Clause 28 introduces schedule 11, which amends the Financial Services and Markets Act 2000 to put in place a new process so that the FCA can more quickly cancel the authorisation of firms that it believes are no longer continuing regulated activity.
Since the existing grounds and method for cancellations were introduced, the FCA-regulated population has expanded, such that the FCA now regulates approximately 59,000 firms. Under the current cancellation process, it can take considerable time for the FCA to build its evidential case that the firm is no longer carrying out authorised activity, even when it is likely that the firm is no longer doing so. That means that there is a delay between the firms being identified as inactive by the FCA, and the FCA being able to remove or vary their authorisation.
The FCA estimates that at any point in time, the number of firms no longer carrying on FCA-regulated activities but which have not sought cancellation to their authorisation is about 300 to 400. Although that is a small proportion of the 59,000 FCA-regulated population that I mentioned, the Government nevertheless consider that it creates a risk, particularly in regard to the financial services register. Fraudsters can take advantage of inaccuracies in the register to their benefit by cloning inactive firms to scam consumers. That involves impersonating a firm that is on the register to give people the impression that they are dealing with a regulated entity.
What is the interaction between that register and the Companies House register? If we removed an inactive business from one register, it would make sense to remove it from the other.
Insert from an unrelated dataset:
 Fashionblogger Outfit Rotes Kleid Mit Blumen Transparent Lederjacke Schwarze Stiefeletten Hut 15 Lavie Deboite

As far as I am aware, the Companies House register is a separate entity run from the Department for Business, Energy and Industrial Strategy. A considerable amount of work is going on at the moment to look at how the data around Companies House registration works, reflecting concerns raised in the December 2018 Financial Action Task Force report. The hon. Lady makes a very reasonable point about the alignment of the two registers, and I will need to come back to her on that matter. Clearly, it would be perverse to remove an FCA-registered entity but not have a forfeit of registration from Companies House. I shall write to the Committee and to the hon. Lady on that matter.
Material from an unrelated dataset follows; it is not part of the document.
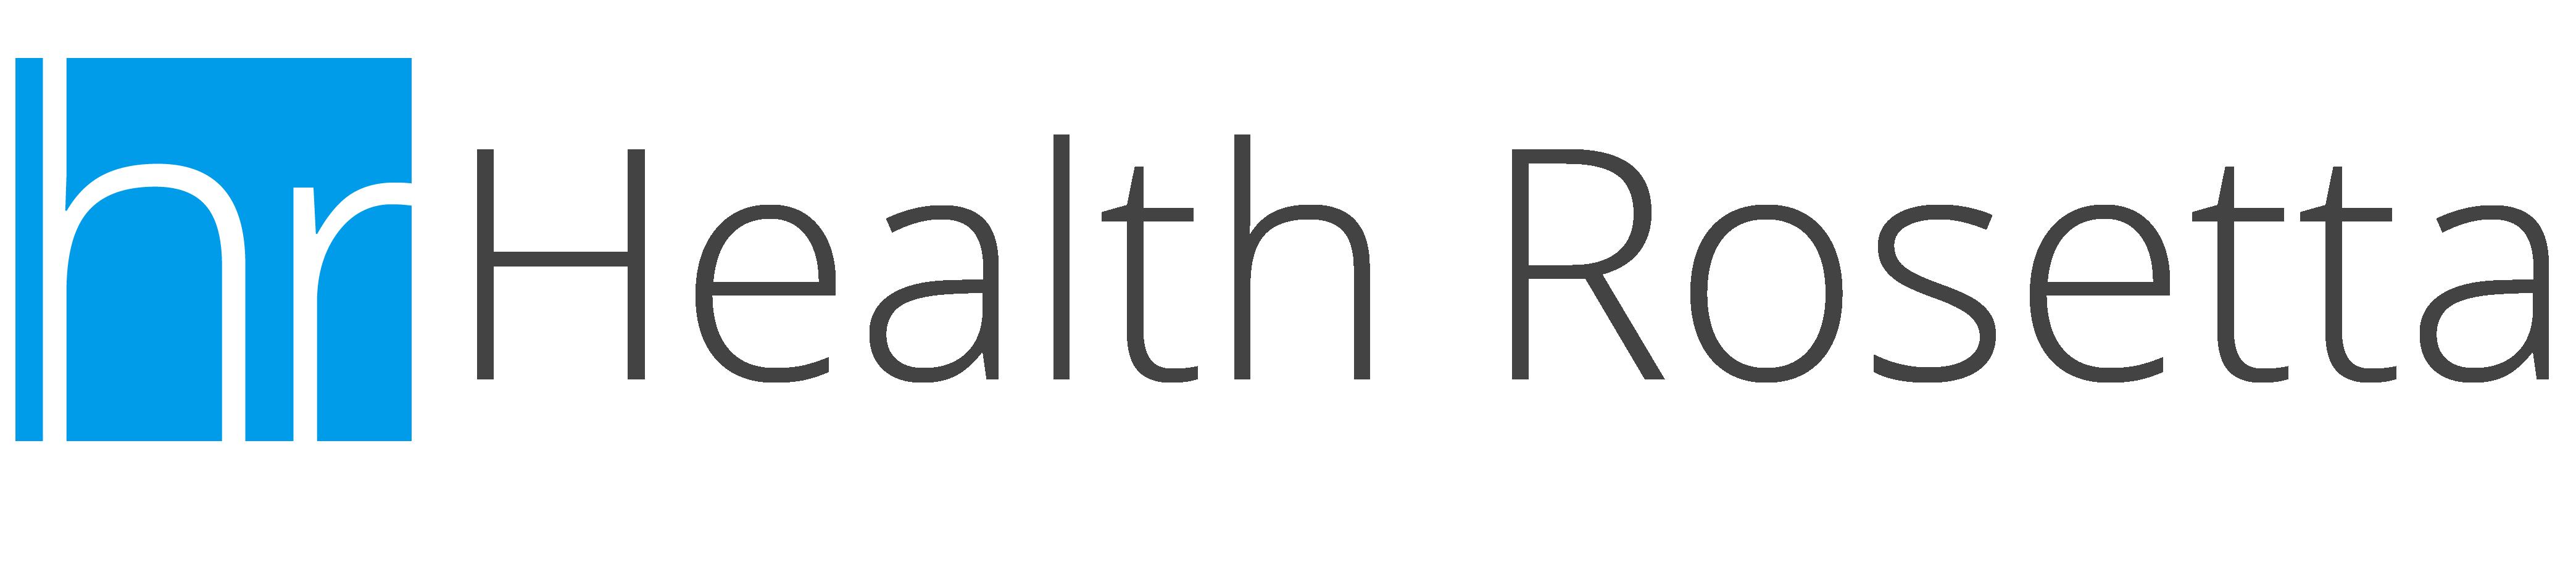 Health Rosetta logo

I want to ensure that consumers can take informed financial services decisions. To achieve that, we need to ensure that the financial services register is accurate and that consumers are not exposed to unnecessary risk. This new process will sit alongside the existing process, to allow the FCA to streamline cases in which it suspects that a firm is no longer carrying on an authorised activity, enabling the FCA to more quickly cancel the firm’s authorisation and update the financial services register accordingly. In cases in which the FCA is looking to cancel a firm’s authorisation for another reason, this will continue to pass through the existing process.
I therefore recommend that this clause stand part of the Bill.
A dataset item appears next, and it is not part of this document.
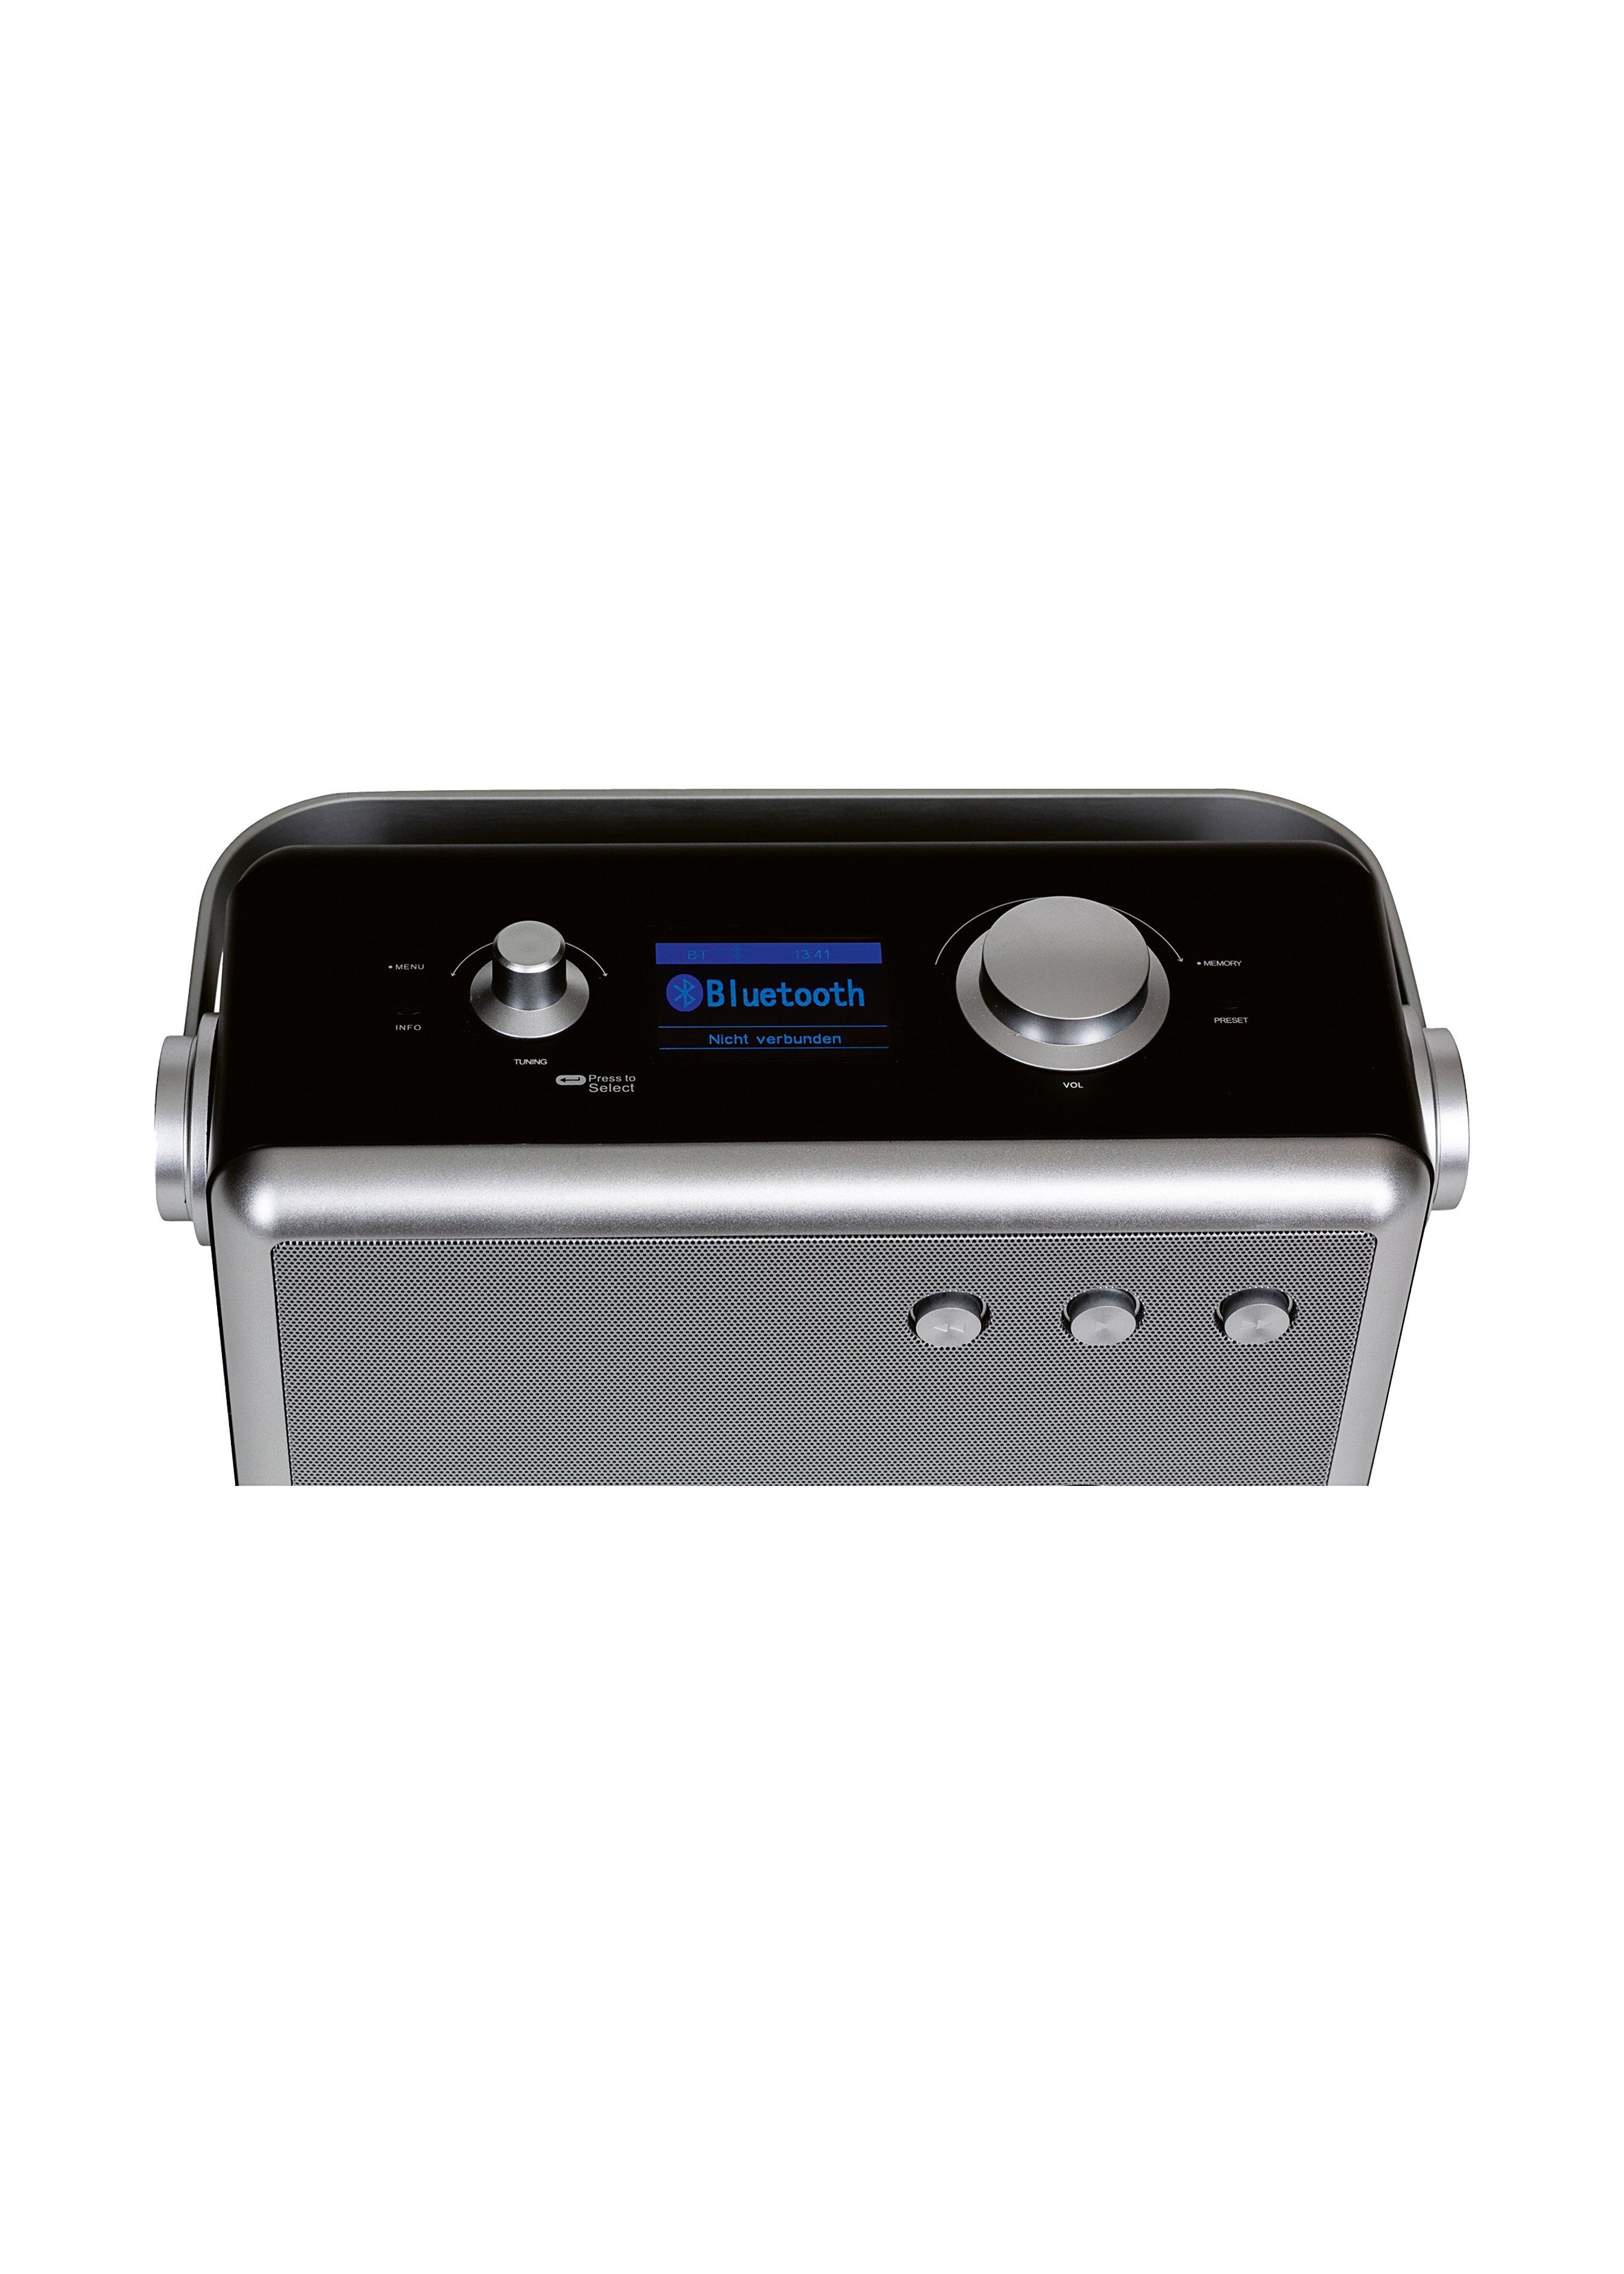 Digitalradio mit DAB+, UKW und Bluetooth 254401 2

I suspect that I am going to follow up on the question from the hon. Member for Glasgow Central. As the Minister has explained, the problem that this clause and schedule are intended to resolve is dormant companies that no longer do the things that they were doing when originally registered with the FCA. Regulation is sometimes described as a needle-in-a-haystack problem, because there are so many companies and there is so much going on. Okay, it is not a massive number; it is 300 or 400 among 59,000 companies, but if we can strip those out, we make the job of the regulator that little bit easier because it is monitoring fewer companies and there is less danger of the cloning activity that the Minister described.
However, this does prompt a question: if 59,000 companies are regulated by the FCA and some 4 million to 5 million are registered with Companies House—we will come on to this under other clauses shortly—surely the process that the Minister has just outlined for clause 28 and schedule 11 should apply to companies there, if we find that they are simply paper organisations that may be designed as much to deceive as to actually carry out any business. Where they are engaged in activities that they should not be, they should be taken off the register, too, but that would of course imply a change in job description for Companies House. It has traditionally regarded itself more as a register and library rather than a real regulator or what might be called a partner in law enforcement. Therefore, can the Minister at least—he will hear this more than once today—talk to colleagues in BEIS to encourage a parallel approach with Companies House? It seems to me that what is being done in clause 28 is sensible, but it is only part of the picture of clamping down on illegal activity.
The point here is that clearly a business could be registered at Companies House, could historically have done regulated activity under the FCA and that regulated activity could have ceased; it may have other business activities that are completely compliant with Companies House law, but it should not be registered for doing financial services regulated activity. The question would then be this: what would be the obligation on Companies House to make an interaction so that, as the right hon. Gentleman said, the definition of its activities would be amended?
Obviously, there are complex legal issues here. This is associated with the review that BEIS will be coming back to, responding to. I think it is important that we acknowledge that issue about not doing a regulated activity but continuing to trade legally in other realms. But the point that I hear and recognise needs to be clarified is this: what is the interaction between the two processes? I undertake to examine that and to make clear to my colleagues in BEIS what the risks are and what the view of this Committee is.